I’m not tone deaf — I can recognize individual songs — but I am tone challenged. I once bought a harmonica and learned two tunes: “Amazing Grace,” and “Red River Valley.” For years afterwards, those were the only two songs I could whistle on key. Now there are none. I’m not sure I’ve ever hit the right note when singing.
This has made it a challenge to pursue my chosen hobby of birding. At least half of finding and identifying birds is done by ear. But try as I might, I can never be sure of the rapid, complex songs of most warblers and finches. And when I hear a Downy or Hairy Woodpecker give it’s call, I know it’s one of the two but I’m never sure which one.

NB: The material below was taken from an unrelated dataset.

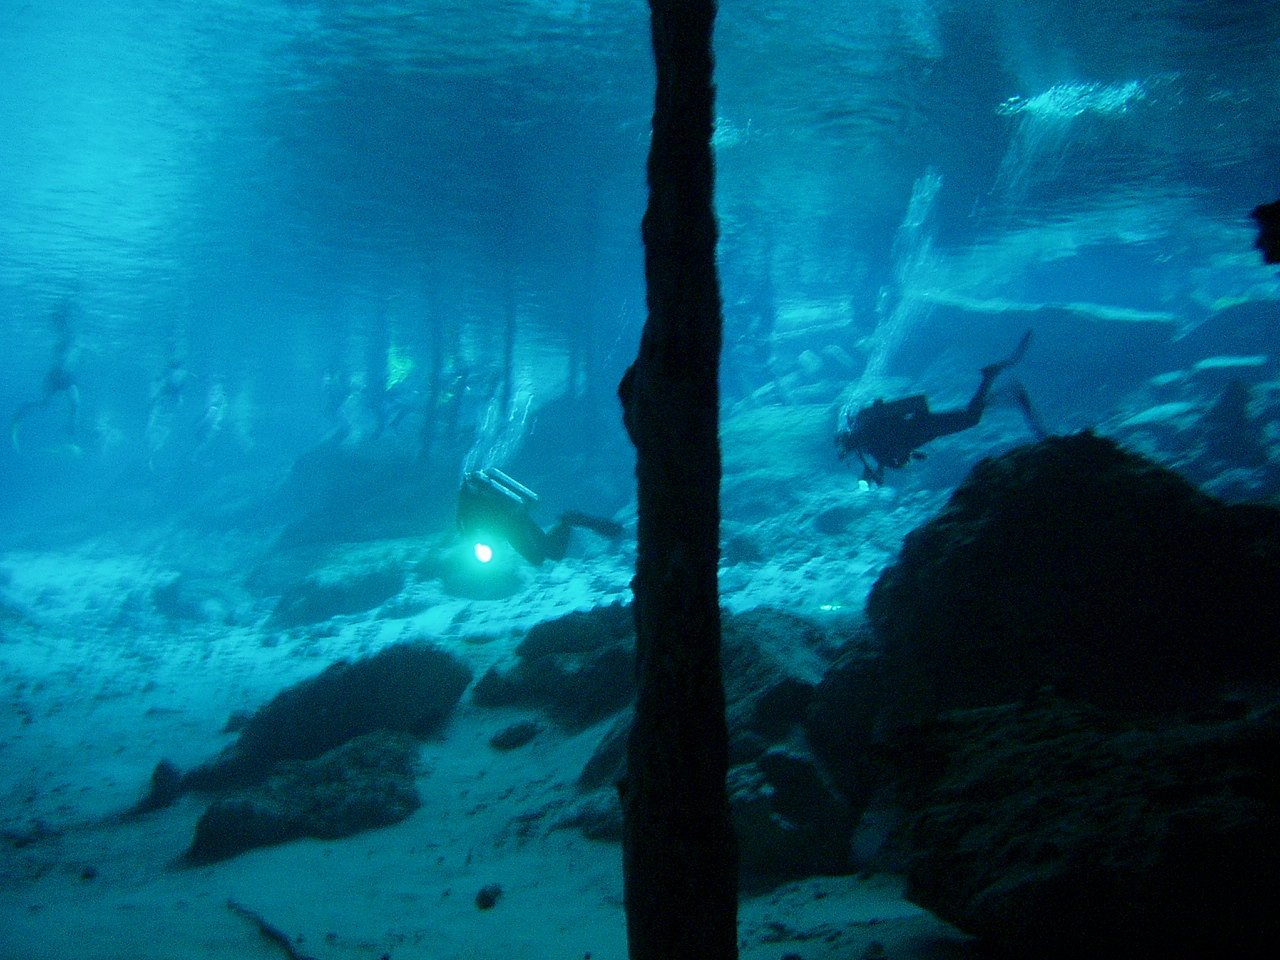 divers underwater using strobe lights

But I have managed to learn the calls of a great number of birds by their cadences. There are helpful mnemonics that help me with a lot of them. Some I’ve made up and some I’ve borrowed from others.
For example, the Eastern Towhee clearly sings, “Drink your tea.” The Barred Owl is obviously asking, “Who cooks for you? Who cooks for you all?”
And while no two Song Sparrows sing the exact same song, they all let loose with a variation of, “Madge, Madge, Madge, put on the tea kettle, kettle, kettle.”
The Black-throated Green Warbler sings the old Sunday school song, “The B-I-B-L-E.”
If you have a sense of humor, the White-throated Sparrow says, “Old Sam Peabody, Peabody, Peabody.” But if you don’t, it just says, “O sweet Canada, Canada, Canada.”
Legend has it that when people die of thirst in the Southwestern desert, the last thing they hear is the Inca Dove mournfully calling, “No hope. No hope. No hope.”
I remember the Savannah Sparrow because I think it sounds like start of the the song “Who Can It Be Now,” by Men at Work, but I’ve never met anyone else who thought so.
Some birds are conveniently named for the songs they sing — the Chickadee, the Phoebe, the Pewee, the Killdeer, the Whip-poor-will. It’s too bad they didn’t name the Tufted Titmouse that way. Its name would be “Peter.” Or the Olive-sided Flycatcher. It sings, “Quick! Three beers!”
My personal favorite is the Warbling Vireo. Some brilliant person came up with a mnemonic that helps me identify it every time — “If I see one, I will seize one, and squeeze it till it squirts.”